(DATA EXCERPT Opens)
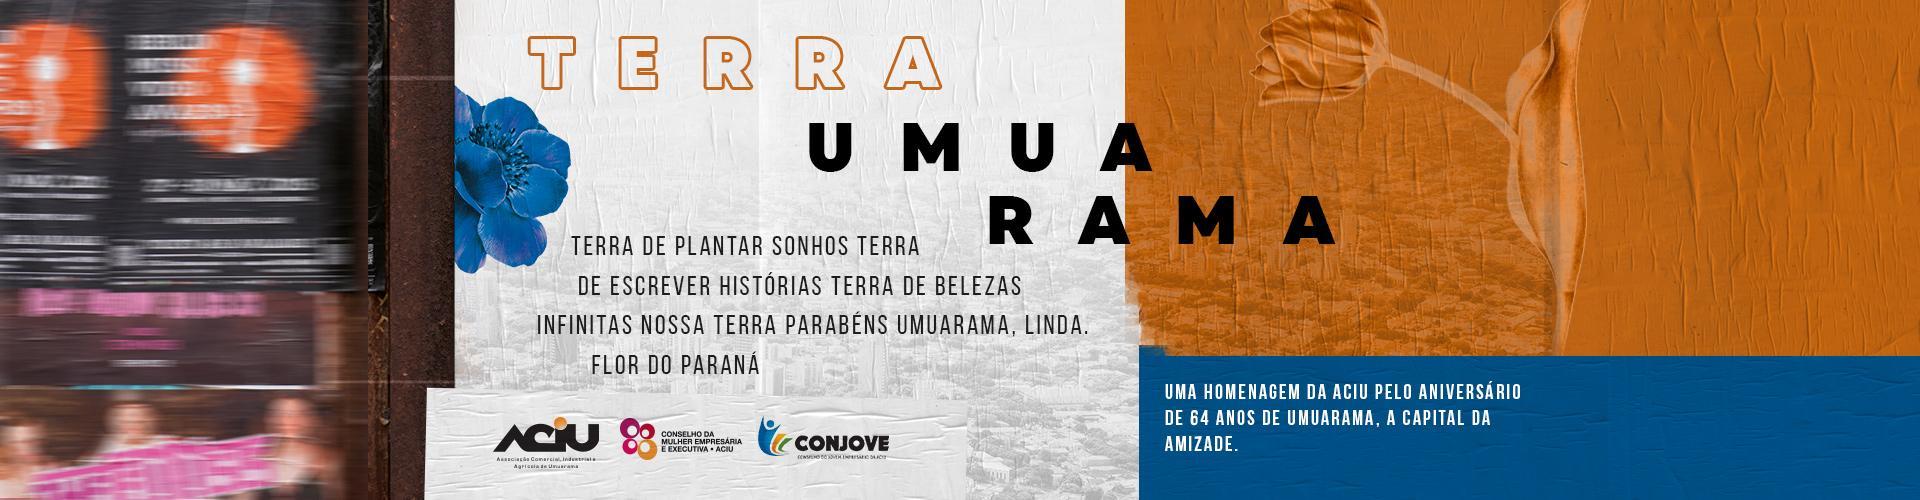 Aniversário de 64 anos de Umuarama
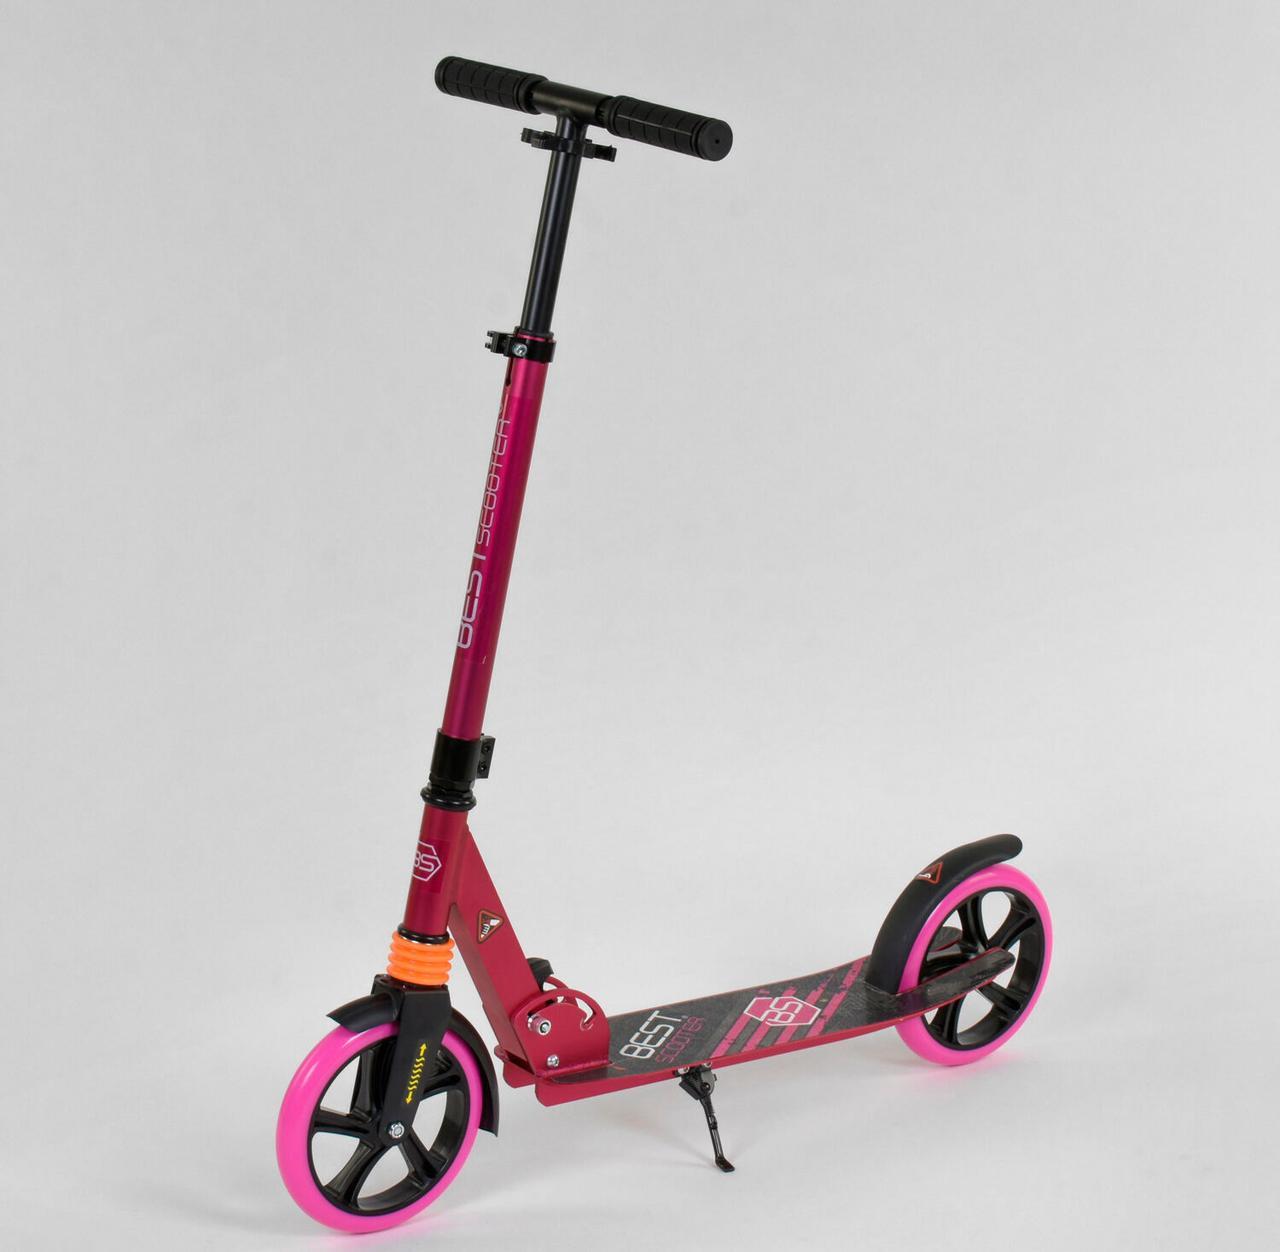 Двоколісний Самокат Best Scooter, Малиновий, кольорові колеса PU - 20 см, затиск керма, довжина дошки 53 см
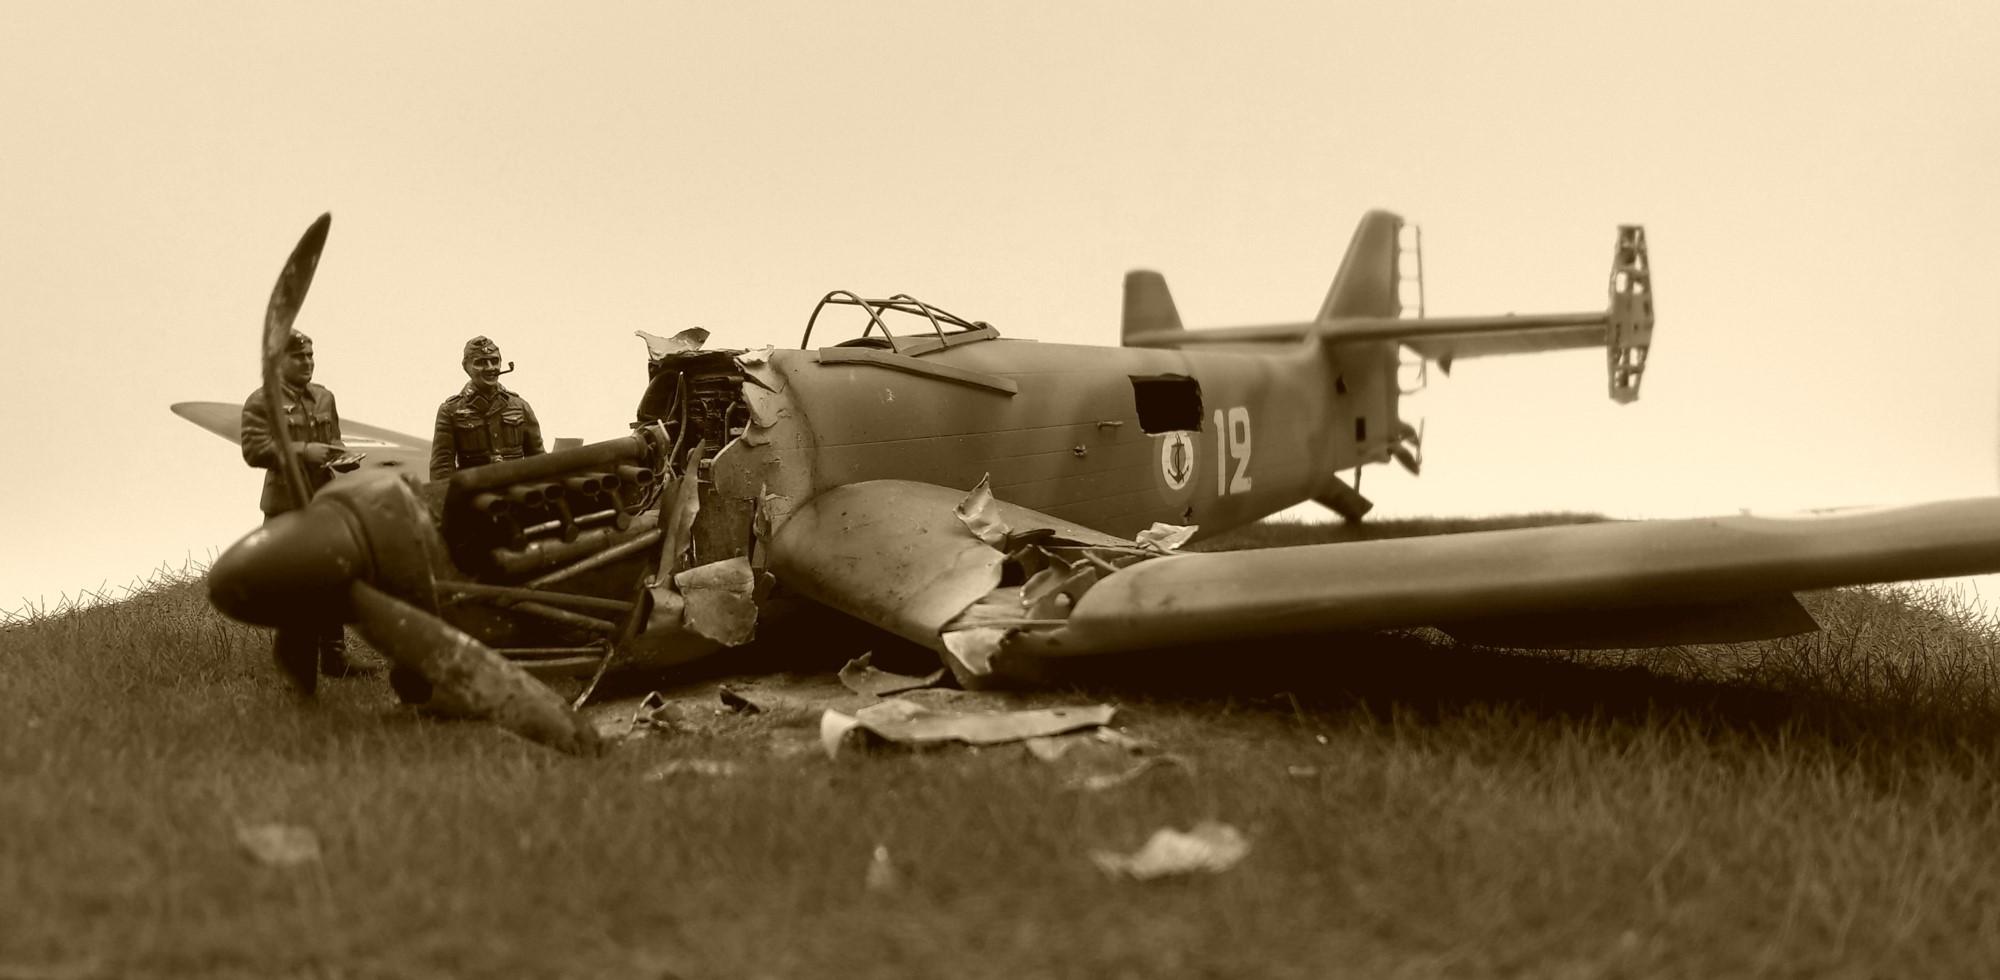 [Concours Aéronavale] Loire Nieuport 401/411 -  Special hobby 1/48 - crash à Villereau -le sacrifice des marins aviateurs du 19 mai 1940 - Mission Berlaimont  Image499
(DATA EXCERPT Closes)
The reply should hold every line of the material above, unchanged, and no pictures.

- RESULT OF THE EXERCISE:
 Aniversário de 64 anos de Umuarama
 Двоколісний Самокат Best Scooter, Малиновий, кольорові колеса PU - 20 см, затиск керма, довжина дошки 53 см
 [Concours Aéronavale] Loire Nieuport 401/411 -  Special hobby 1/48 - crash à Villereau -le sacrifice des marins aviateurs du 19 mai 1940 - Mission Berlaimont  Image499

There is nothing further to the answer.